It’s Not the Police, It’s Not Black Men. It Is Us.

I wish it were just a matter passing a law, implementing the right training program, or opening a Justice Department investigation.   But the sad fact is that our country’s racial problem is not something we can slap a band aid on and call it fixed.  Segregation ended decades ago but the self-segregation all races engage in is still very much alive and well.  Races in this country don’t often “do life” together.  And because we don’t do life together we are mistrustful of each other.  Sure we are friendly.  But being friendly and being friends is not the same thing and we need to stop mistaking the two. 

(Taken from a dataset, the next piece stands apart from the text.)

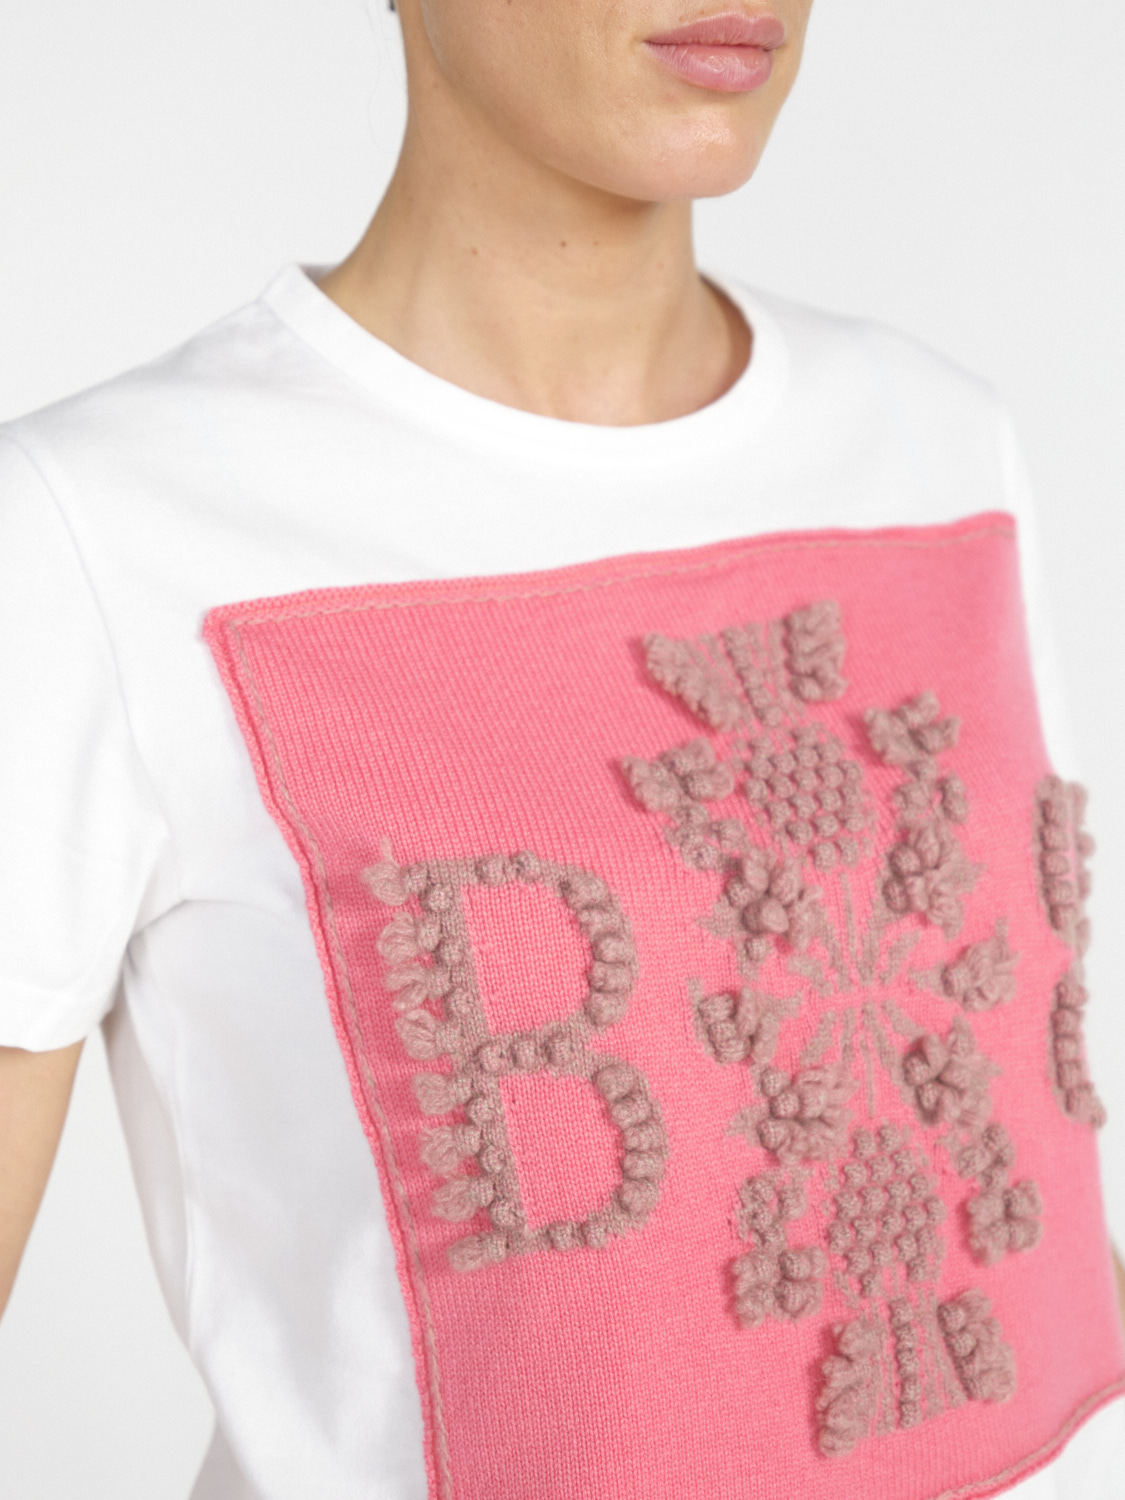 Barrie Thistle Logo Top – T-Shirt mit Kaschmir- Applikation  coral XS
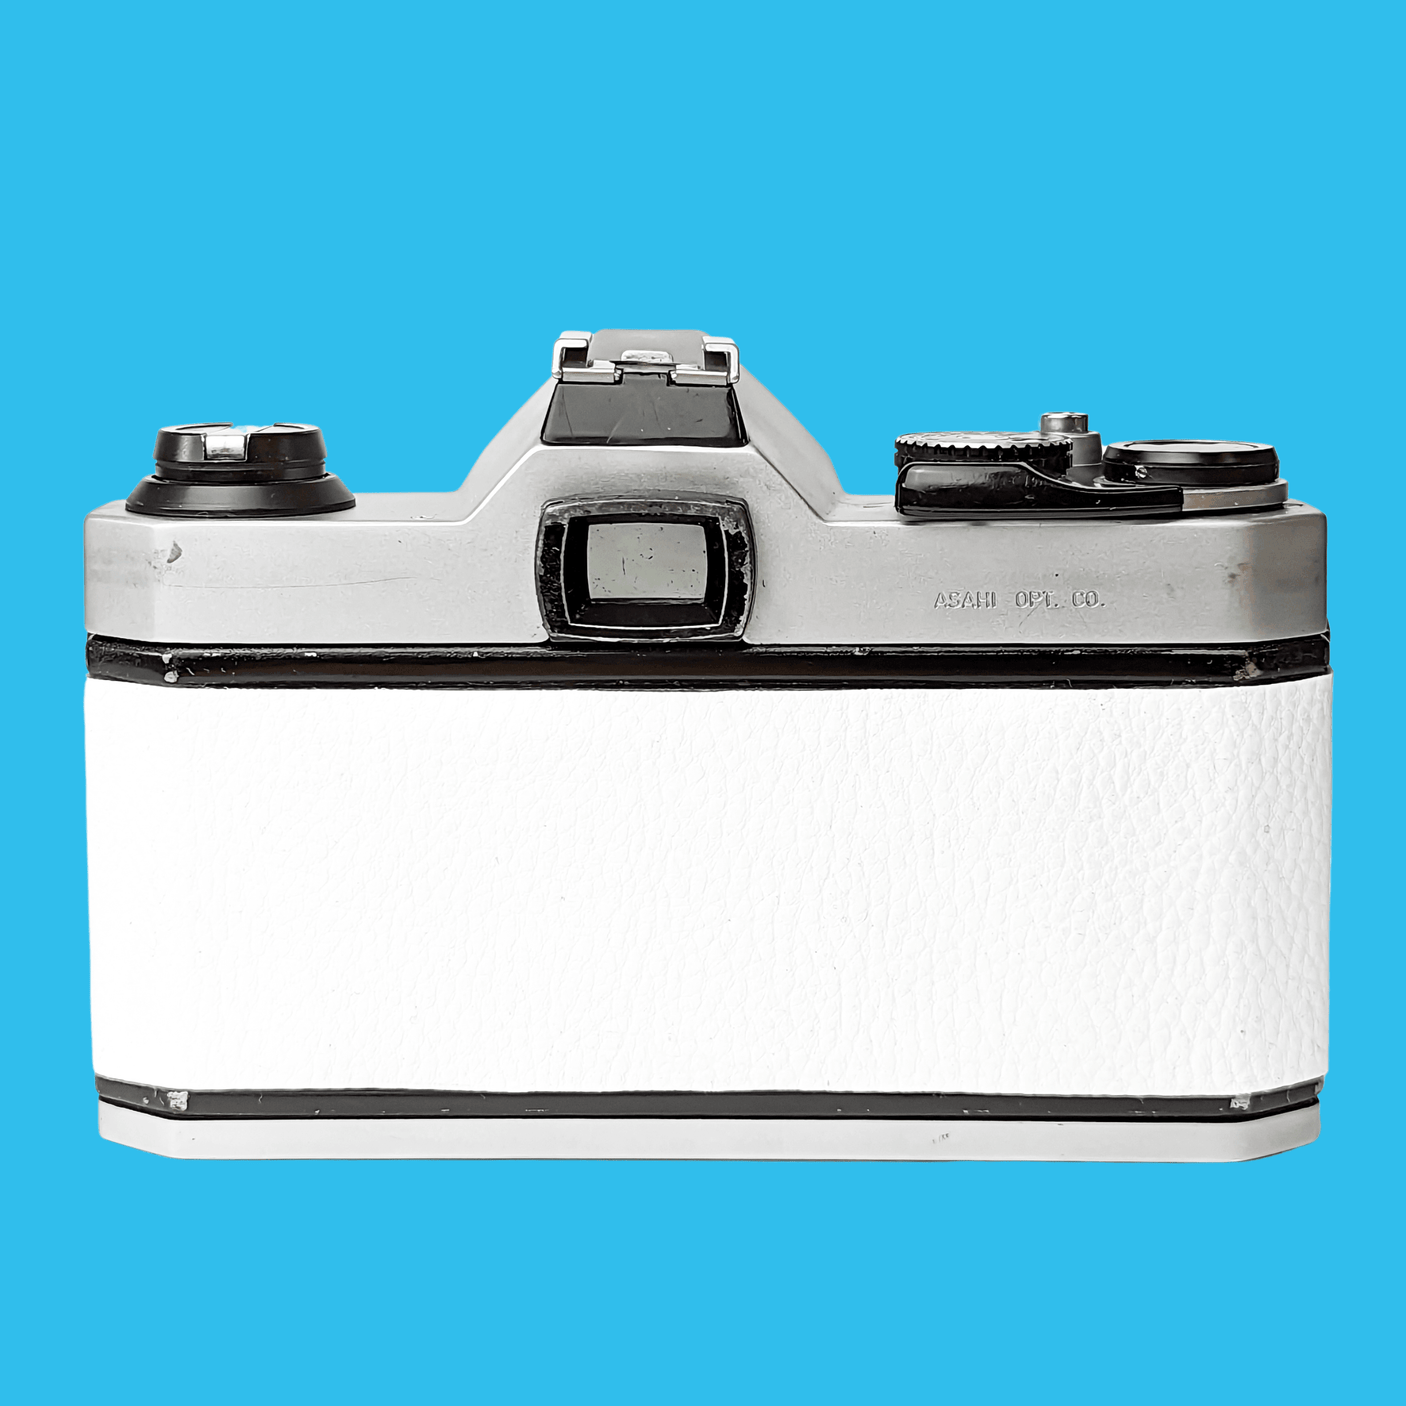 Pentax K1000 White Leather Vintage SLR 35mm Film Camera with Pentax f/2 50mm Prime Lens.

I’ve lived in cities and I’ve lived in suburbs and I’ve found that while it feels more culturally diverse in cities we still tend to make deep social connections with people of our own race no matter where we live.  And just when you thought this was going to be a deep piece about race I am going to lighten it up by using “The Real Housewives” as evidence to support my claim.  Is it just me or does anyone else think it’s weird that only white women seem to be friends with white women and only black women seem to be friends with black women on these shows (Kim Zolciak Biermann being the one exception as the token white girl on the Atlanta series)?   These shows, watched by millions every week both reinforces and mirrors one of the most powerful forces in our society:  the bonds between women.  And there is no outrage or cry to correct the blatant depiction that whites hang with whites and blacks hang with blacks.

When was the last time you had someone of a different race into your home for a meal with your family, or planned a joint vacation with you and your family, or called them on the phone to discuss your most private fears and concerns?  In other words, have you been “doing life” together with someone who doesn’t look like you at more than a superficial level?  I bet the vast majority of us would have to admit we aren’t all that different from the Housewives after all. 

I was hosting a dinner party a few years ago and at the last minute as a favor to one of my guests I invited his out of town friends, whom I had never met, to join us.  Five African-American women showed up at my house.  After a couple of glasses of wine one of the women said to me that this would never happen where she lived.  I asked her what she meant.  And she said that where she was from a white woman would never have a bunch of African-American women over to her house for a dinner party.  At the time I shrugged it off as an over exaggeration.  But her words stuck with me.  Because I don’t think she was that far off base after all.

As a mother I know that my children do what I do not what I say.  If I tell my children that they should treat everyone fairly and everyone is equal but I only have friends who are of my own race what am I really teaching them?  I’m teaching them that we stick with our own kind.  And while I happen to be white I’m calling all of us out—black, white, Asian, Hispanic—we are all part of the problem.  We all are guilty of self-segregating.

Which means we can all be part of the solution.  Let the recent violence drive us to connect with each other instead of letting the hate and mistrust drive us apart.  We can and we will do better than this.